Disclosure of Invention
In order to solve the problems, the invention provides a production line mobile robot gathering type recovery warehousing simulation method and system, wherein an improved artificial potential energy function mechanism is added into a depth certainty strategy gradient algorithm to realize the clustering effect of a plurality of agents; and increases the stability of the multi-mobile agent maintenance cluster and the rapid convergence of agent training by adding specific local communication information in the critic network.
According to a first aspect of the embodiments of the present disclosure, there is provided a production line mobile robot gathering type recycling and warehousing simulation method, including:
establishing a recovery warehousing kinematic model for the mobile robot based on scene information and mobile robot parameter information;
each mobile robot selects a storage position in the library as a target, generates an optimal behavior strategy for each mobile robot by utilizing a pre-trained improved depth certainty strategy gradient model, and realizes the recovery of the mobile robots through the control of force and speed;
the improved depth certainty strategy gradient model comprises an actor network and a critic network, the reward among the intelligent agents is calculated through a reward function mechanism based on an improved artificial potential energy function, and meanwhile, the judgment of the intelligent agents on the surrounding environment is increased by introducing state information of other intelligent agents in the local range of the specific intelligent agents; and training the model by using historical experiences randomly explored by the agents stored in the experience pool.
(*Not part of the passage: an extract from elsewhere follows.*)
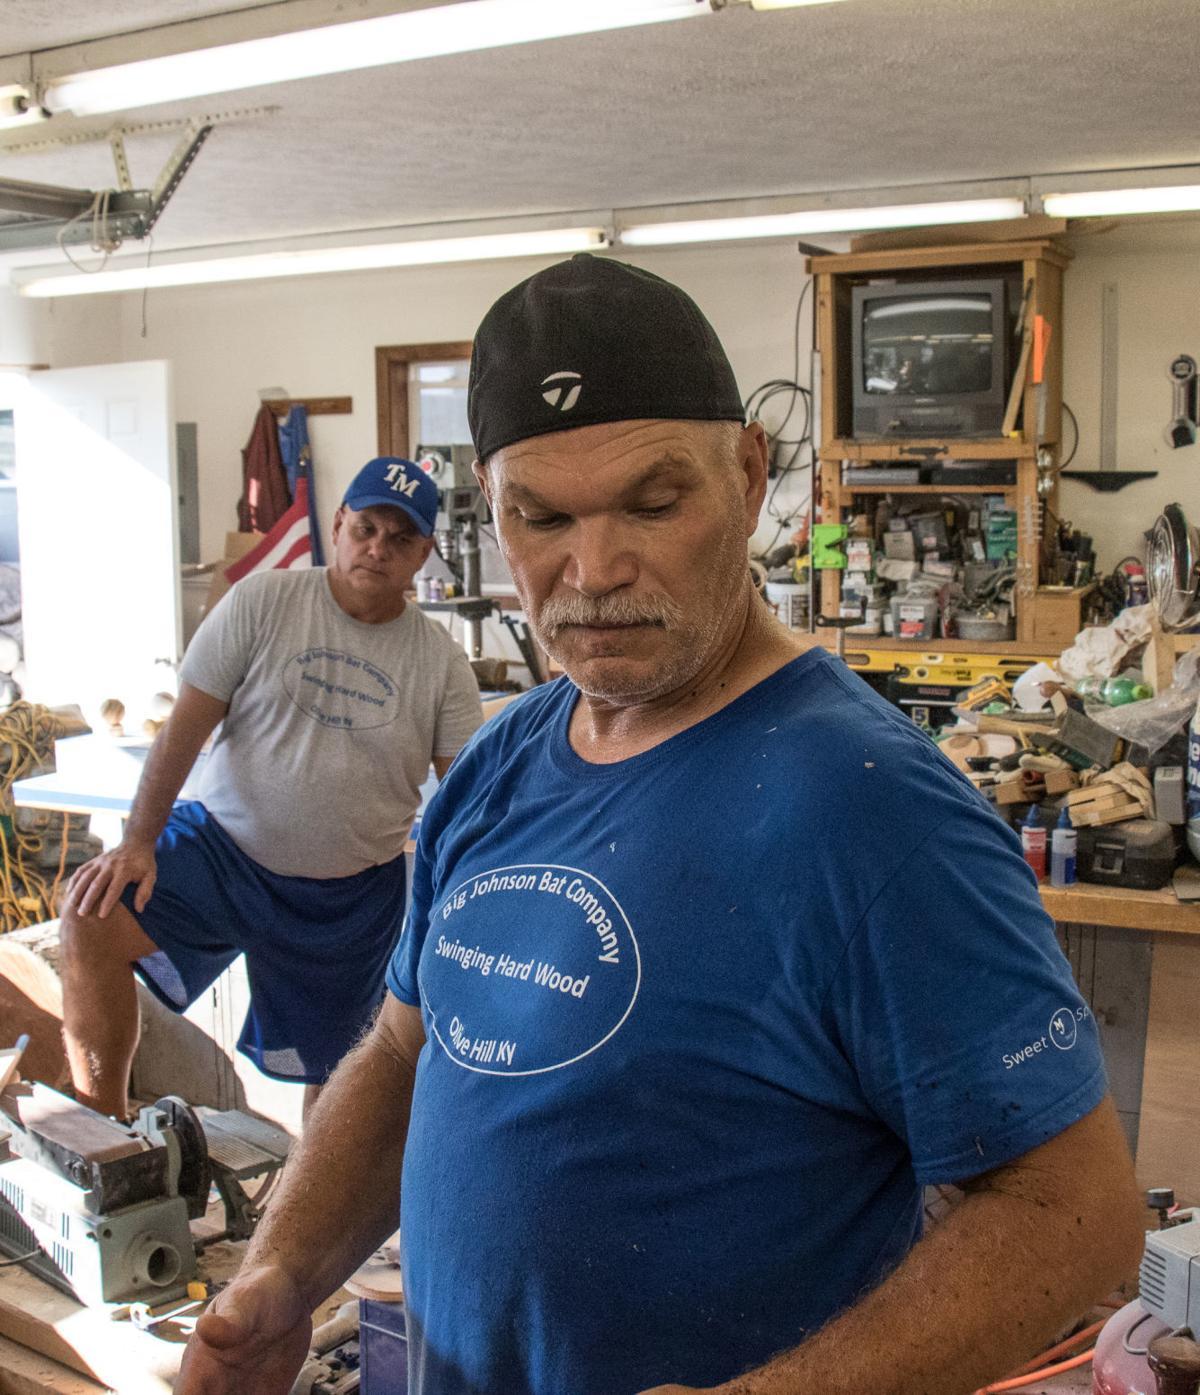 Kentucky bat maker

Further, the reward function mechanism based on the improved artificial potential energy function is specifically represented as: for a single agent g, if there are i agents h around itiThen its artificial potential energy reward function is:
Figure BDA0003029018980000021
wherein the content of the first and second substances,
Figure BDA0003029018980000022
for agent g and other agents hiDistance of (A), RgThe sum of the total artificial potential energy function rewards for the individual agents g.
Further, a specific agent local scope is added into an input layer of the criticizing person networkStatus information of other agents within the enclosure, including location information potherAnd velocity information votherAnd the judgment of the intelligent agent on the surrounding environment is increased.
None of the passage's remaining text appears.